#### Problem description
Please reproduce the data exactly and omit the pictures.

#### Stored data
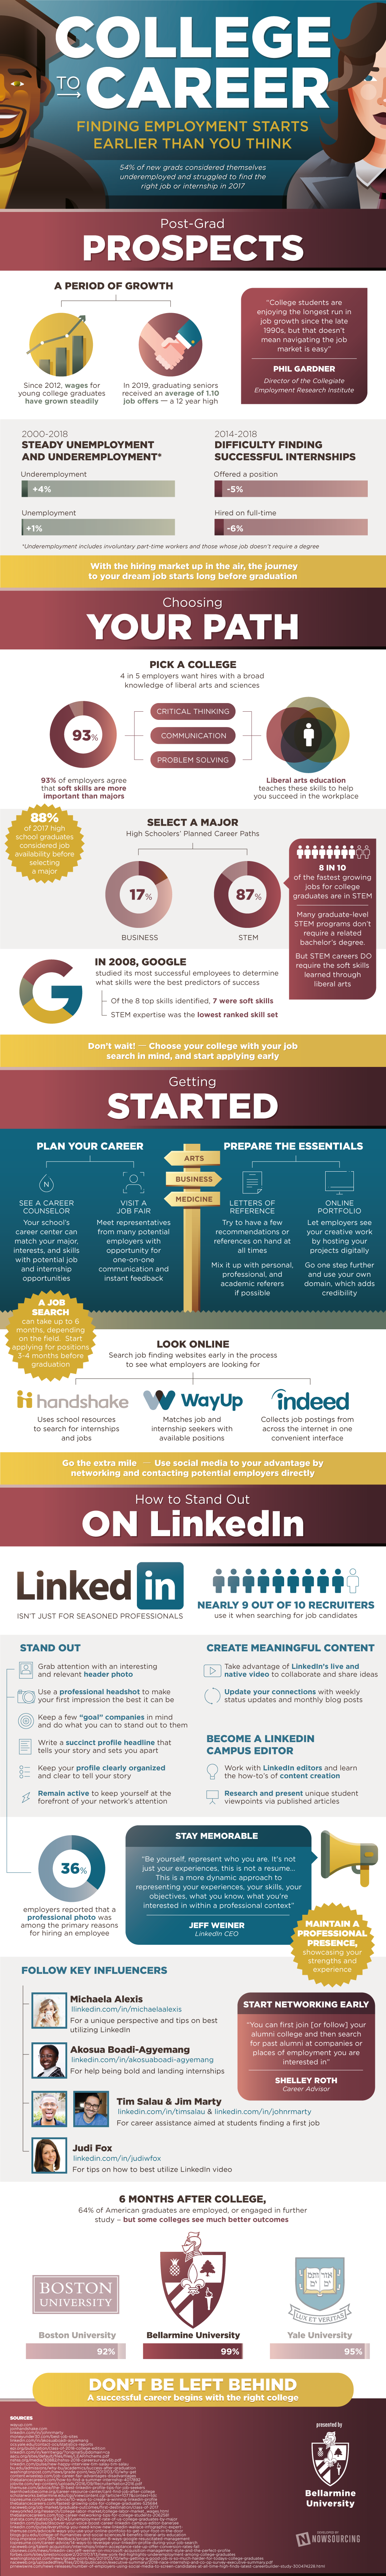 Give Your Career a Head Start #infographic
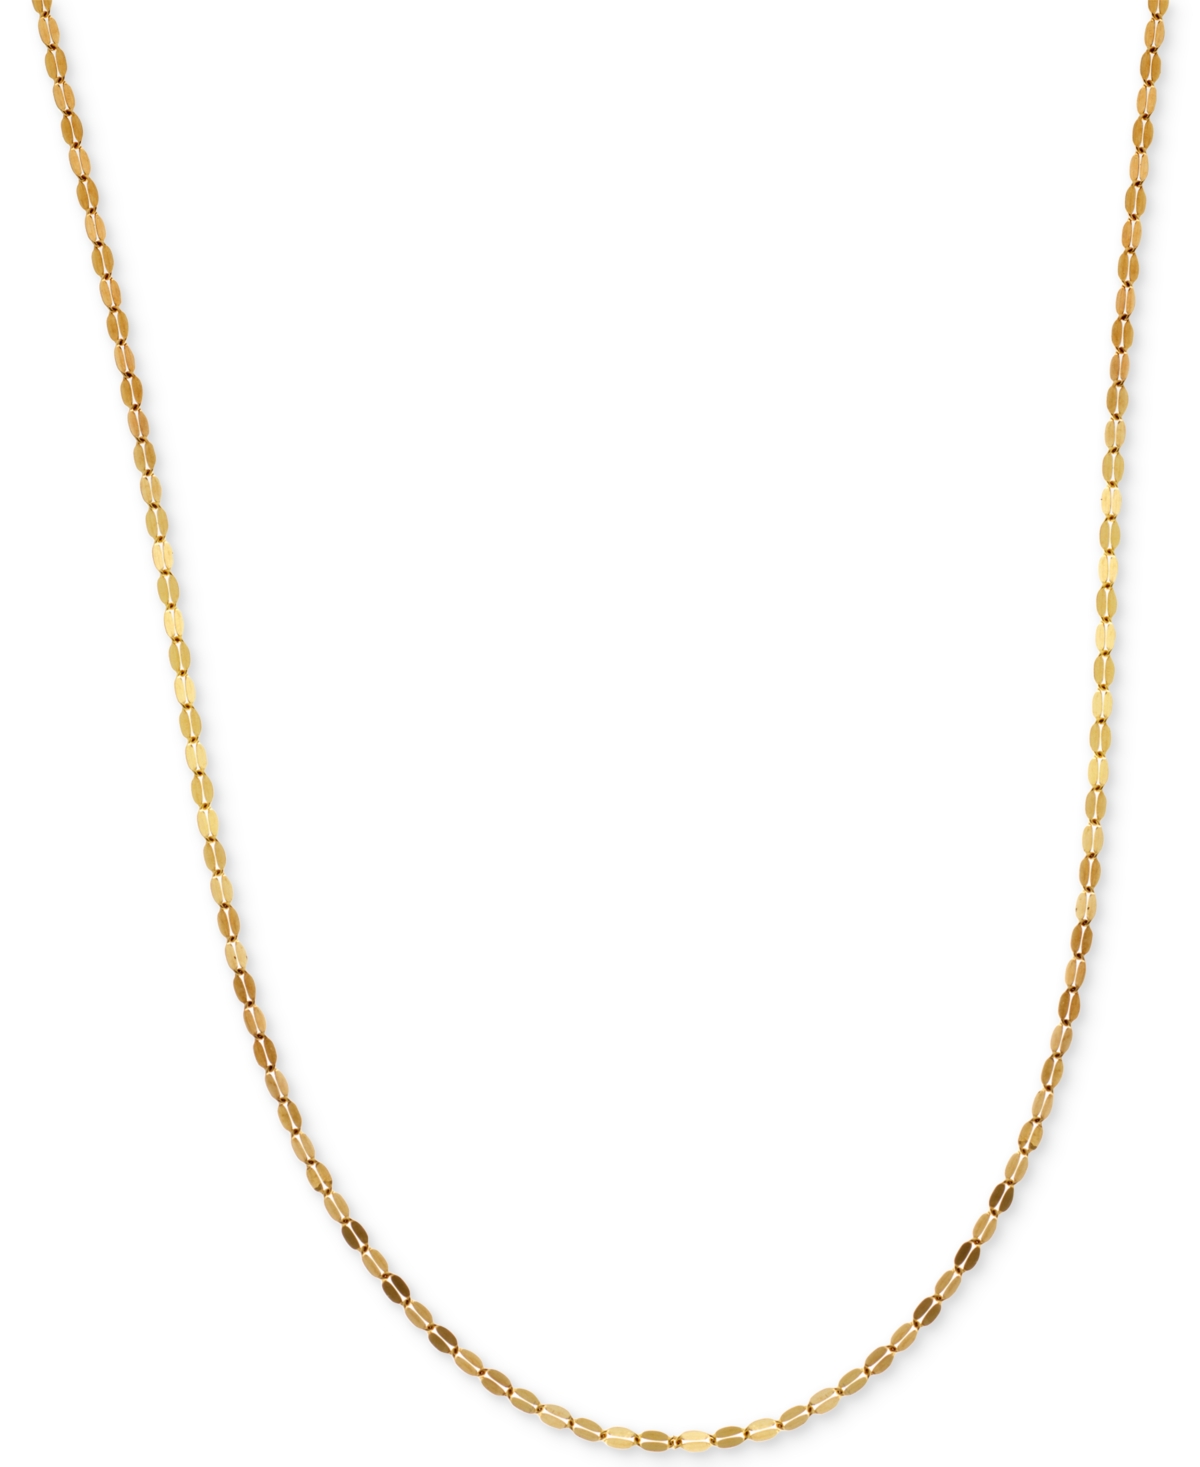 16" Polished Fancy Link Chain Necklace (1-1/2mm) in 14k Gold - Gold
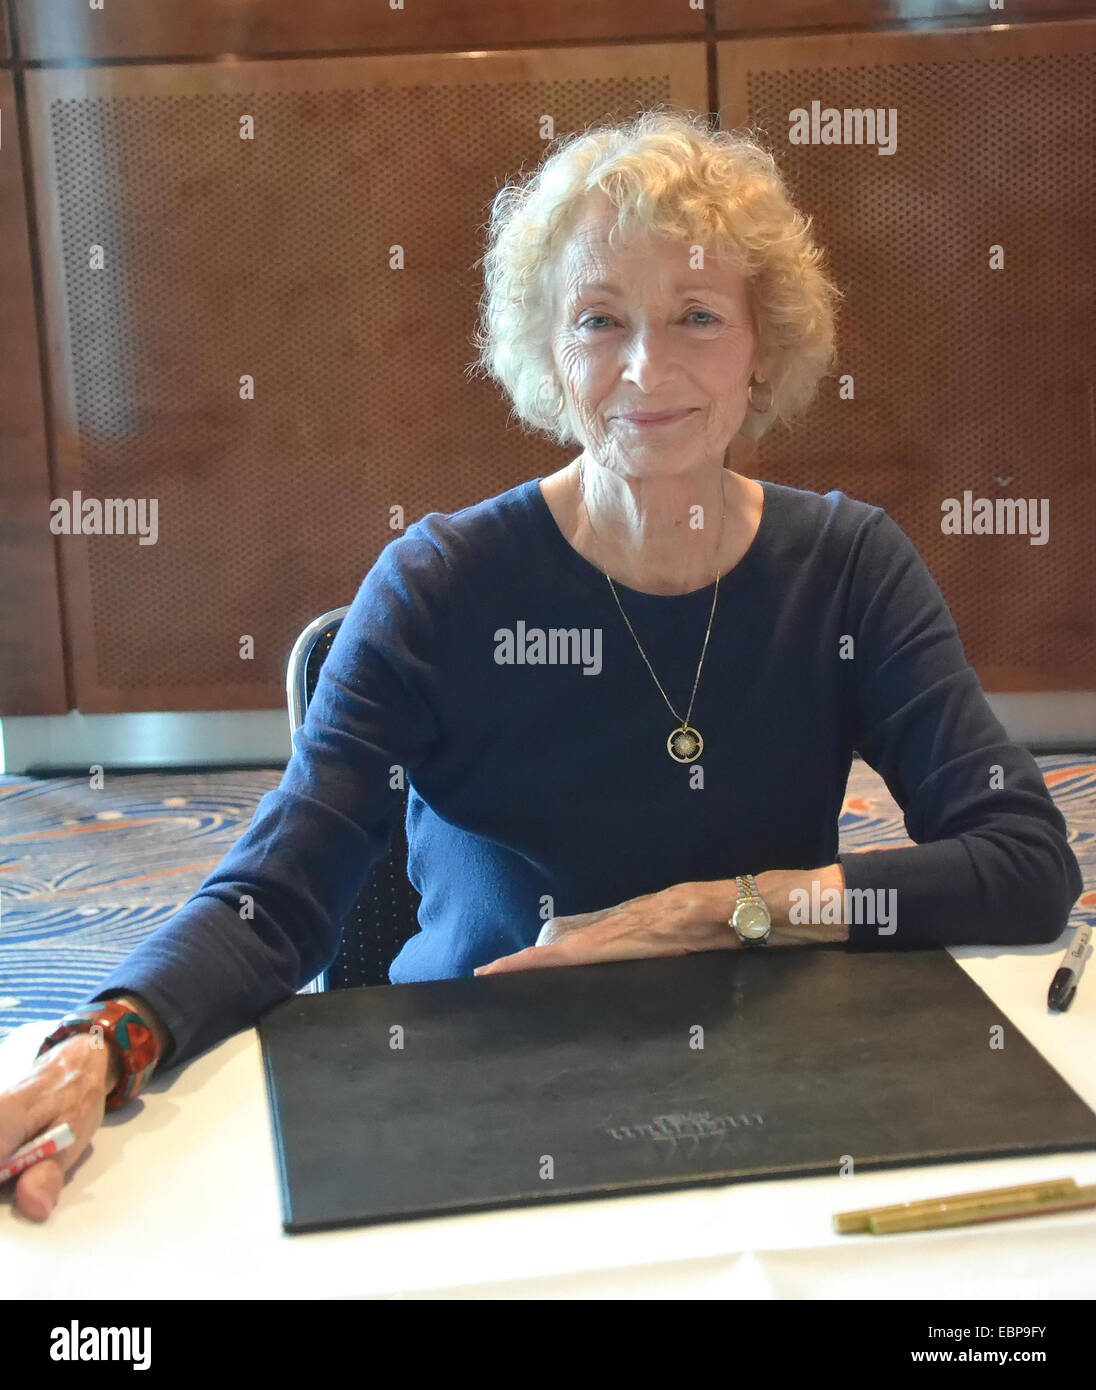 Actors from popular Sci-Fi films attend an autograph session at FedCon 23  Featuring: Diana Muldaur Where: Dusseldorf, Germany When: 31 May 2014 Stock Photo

#### Task response
 Give Your Career a Head Start #infographic
 16" Polished Fancy Link Chain Necklace (1-1/2mm) in 14k Gold - Gold
 Actors from popular Sci-Fi films attend an autograph session at FedCon 23  Featuring: Diana Muldaur Where: Dusseldorf, Germany When: 31 May 2014 Stock Photo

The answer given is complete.